▶ [Aim of the task] The lines below must be transcribed exactly as given, with the images removed.

▶ [Collected material]
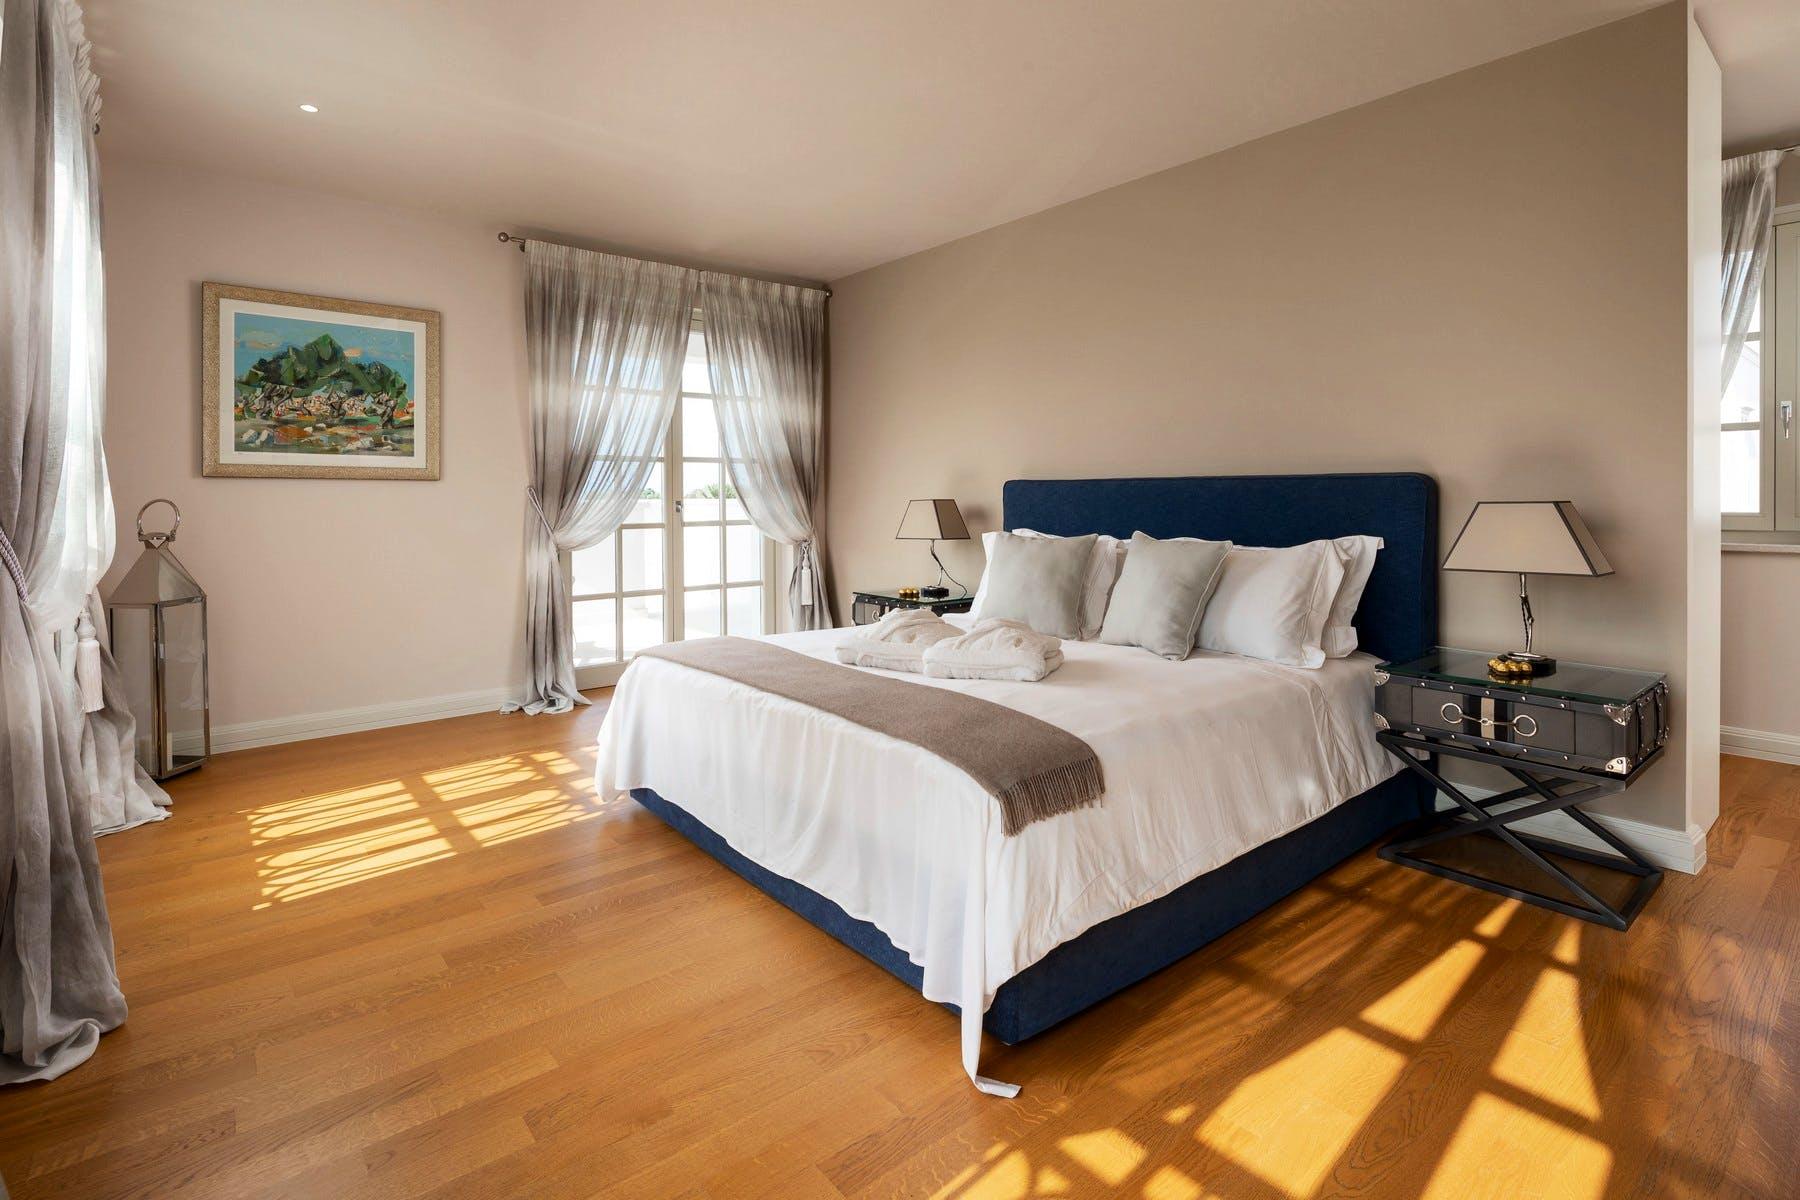 Double bedroom with adjoining bathroom
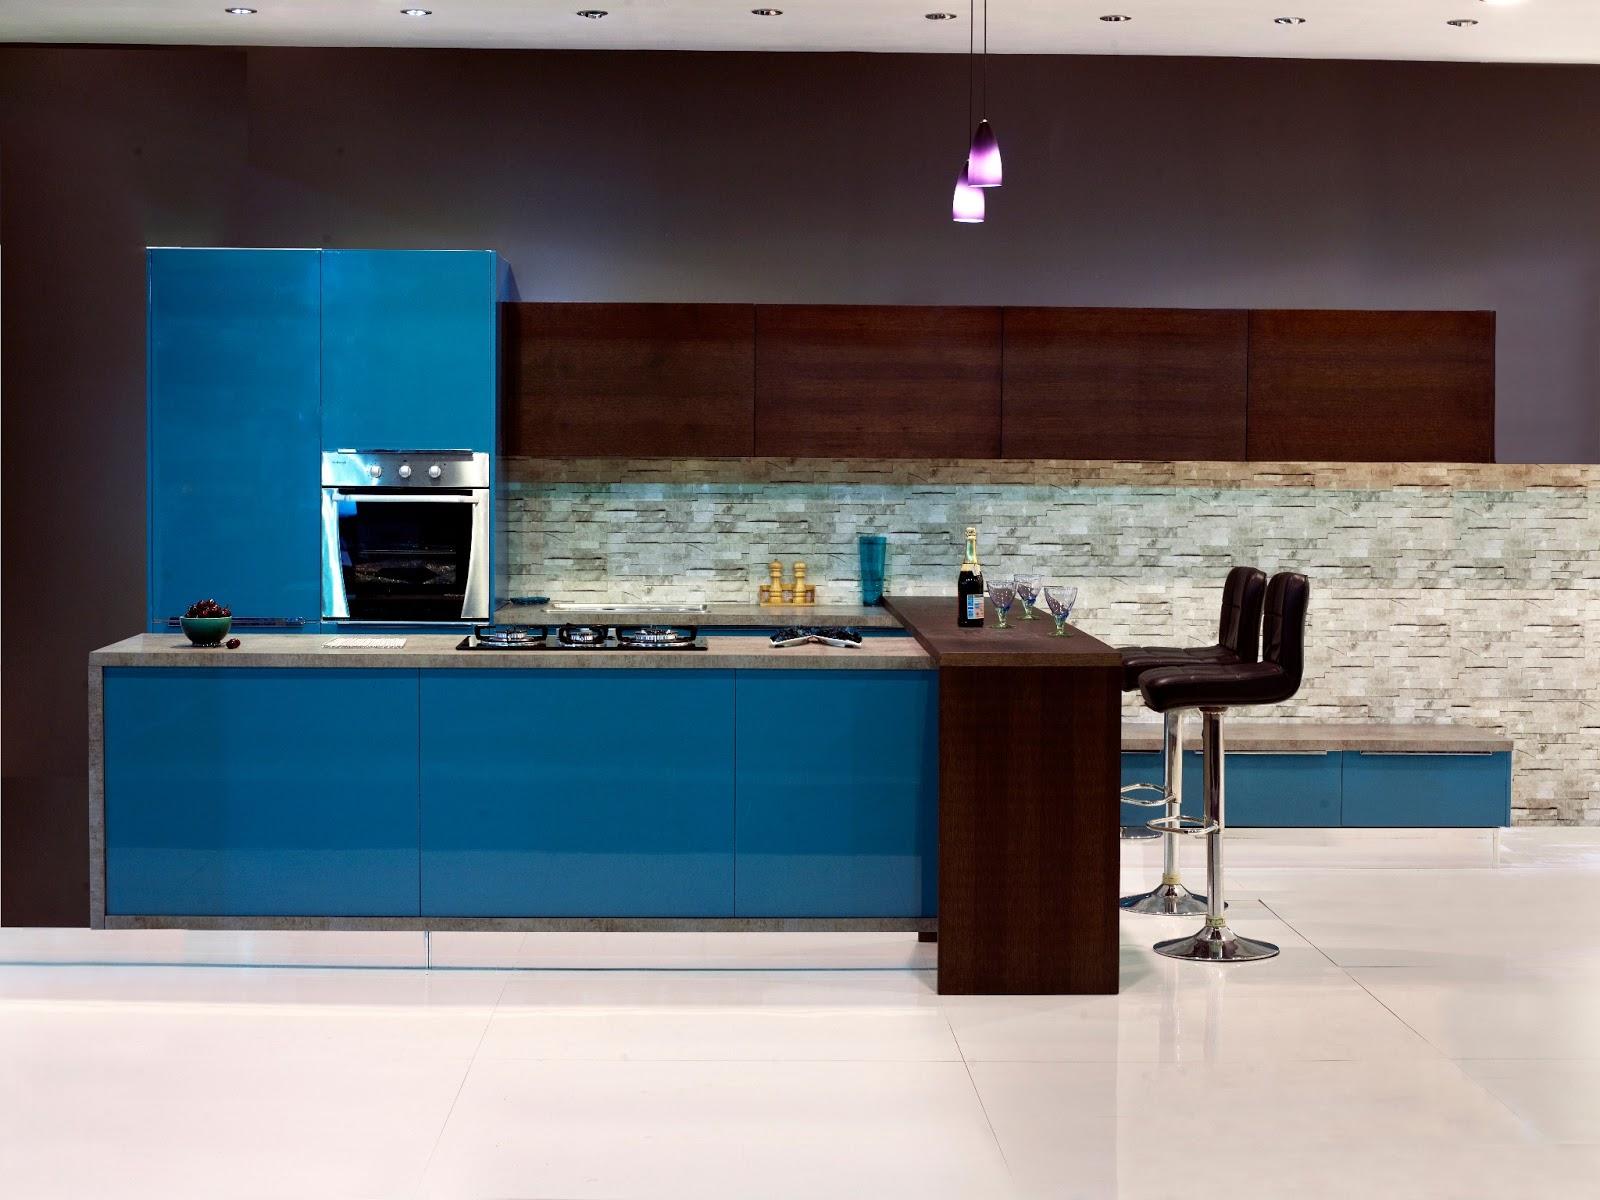 Sleek modular kitchen v s carpenter made kitchen how to maintain modular kitchen by sleek - Sleek kitchen world ...
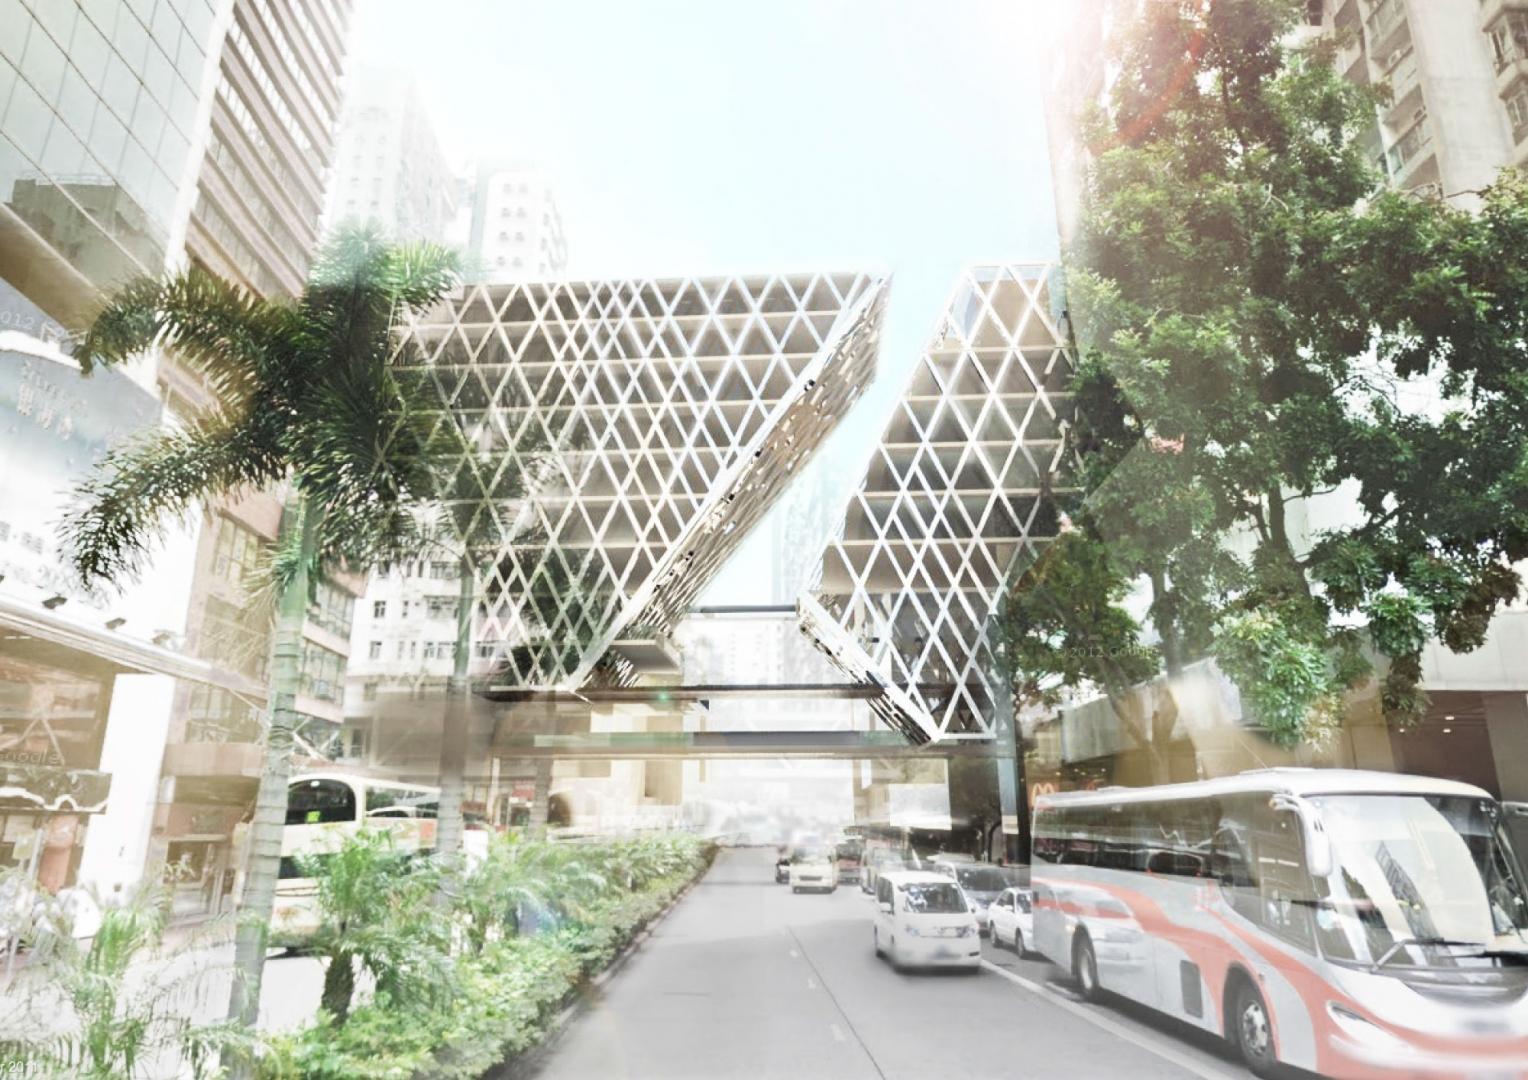 urban architecture parasite arch spine fabric dense hku iii

▶ [Exercise response]
 Double bedroom with adjoining bathroom
 Sleek modular kitchen v s carpenter made kitchen how to maintain modular kitchen by sleek - Sleek kitchen world ...
 urban architecture parasite arch spine fabric dense hku iii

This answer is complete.